Structure varies: some profiles specify plain-text ASCII rows with coordinate tuples, others define compact binary records or tagged sections with metadata headers. Common components in many variants include a header block, coordinate arrays, attribute columns, and optional footer or checksum. Profiles used by Crystallographic Open Database or computational chemistry tools align fields with atom types and occupancy; those linked to Geospatial Information Systems align with geodetic datums and projection identifiers related to EPSG datasets.
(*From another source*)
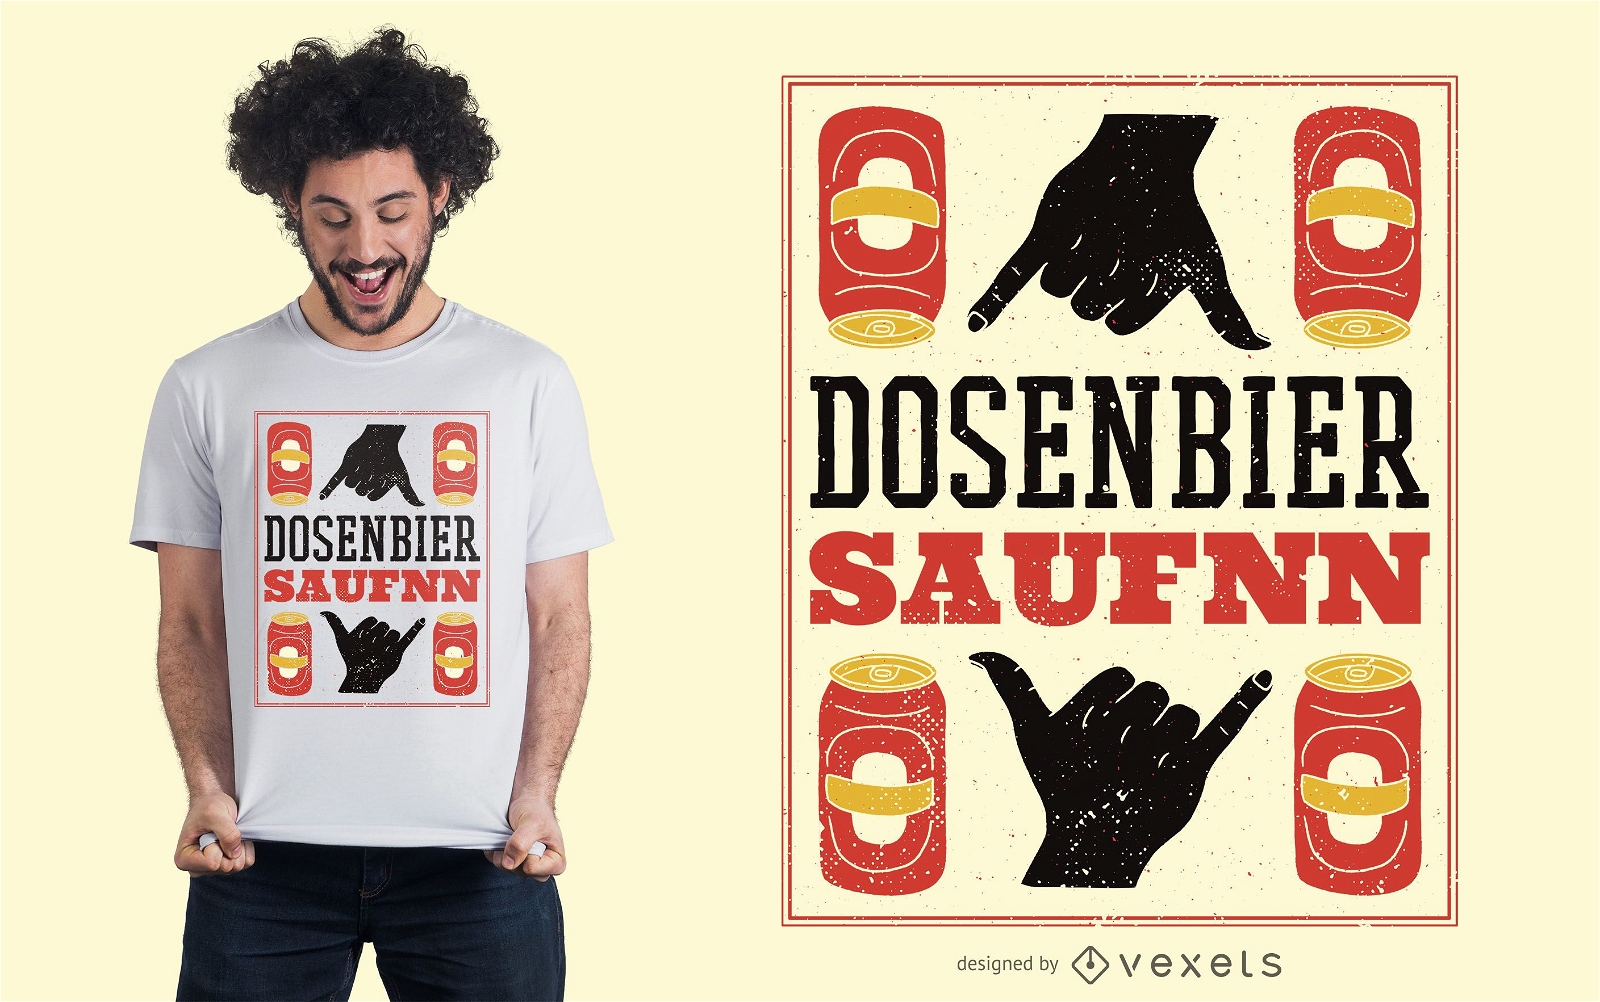 Canned Beer German T-Shirt Design

Headers in text variants often include provenance fields referencing organizations such as National Institute of Standards and Technology, U.S. Geological Survey, Ordnance Survey, and Natural Resources Canada, along with timestamping conventions derived from ISO 8601-style guidance. Binary variants may include segment tables and offsets analogous to container formats produced by W3C working groups or IETF registries. Metadata blocks sometimes embed identifiers corresponding to catalogues like Digital Object Identifier or dataset registries used by European Data Portal and Data.gov.
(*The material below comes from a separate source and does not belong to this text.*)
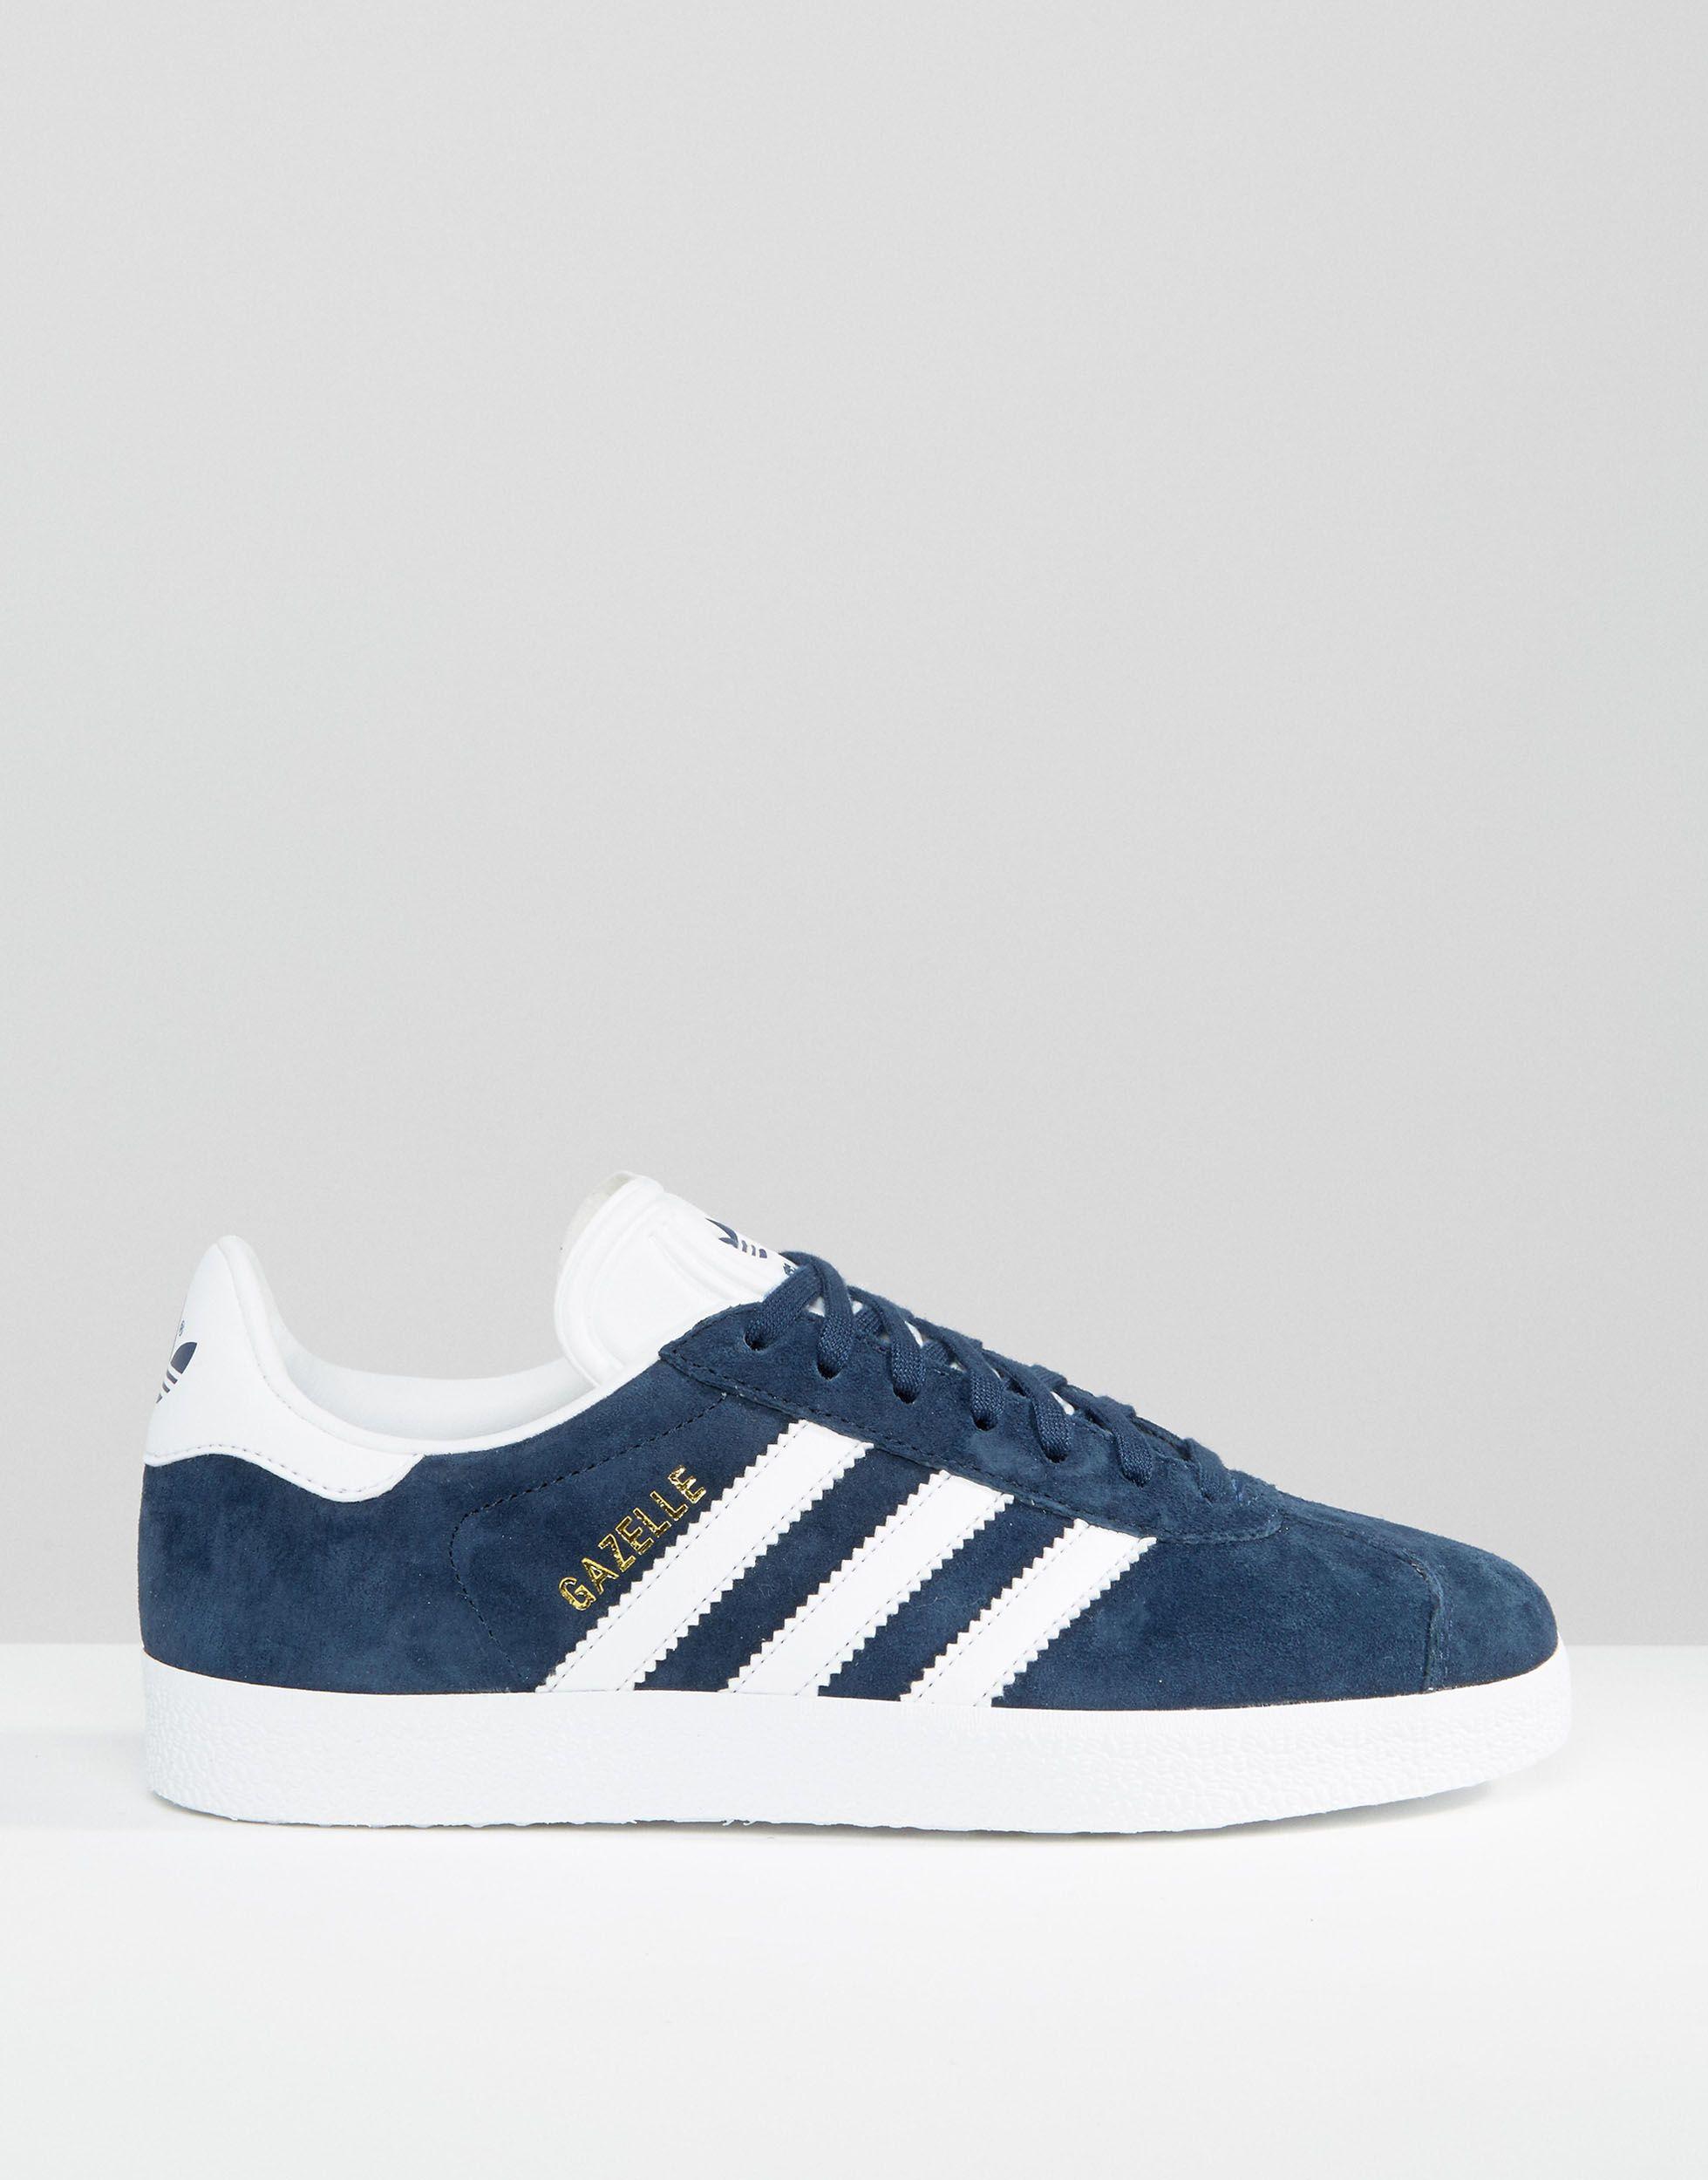 adidas Originals Suede Gazelle Sneakers in Navy (Blue) - Save 41 ...

Attributes beyond coordinates commonly include color channels linked to standards from International Commission on Illumination, intensity measures tied to sensors from Velodyne, RIEGL, or Leica, and classification codes influenced by Federal Geographic Data Committee categories. Chemistry-oriented XYZ variants map to atom labels standardized by IUPAC and bond descriptions referenced by resources like Protein Data Bank.

Usage and applications

Variants serve diverse applications: 3D scanning and survey workflows by Topcon and Trimble; photogrammetry pipelines employed by researchers at University of Oxford and firms like Agisoft; molecular modeling used at Brookhaven National Laboratory and European Molecular Biology Laboratory; and visualization in platforms such as Unity Technologies and Unreal Engine. In environmental science, datasets produced by NOAA and NASA are sometimes exported to compatible variants for analysis in MATLAB or R Project for Statistical Computing.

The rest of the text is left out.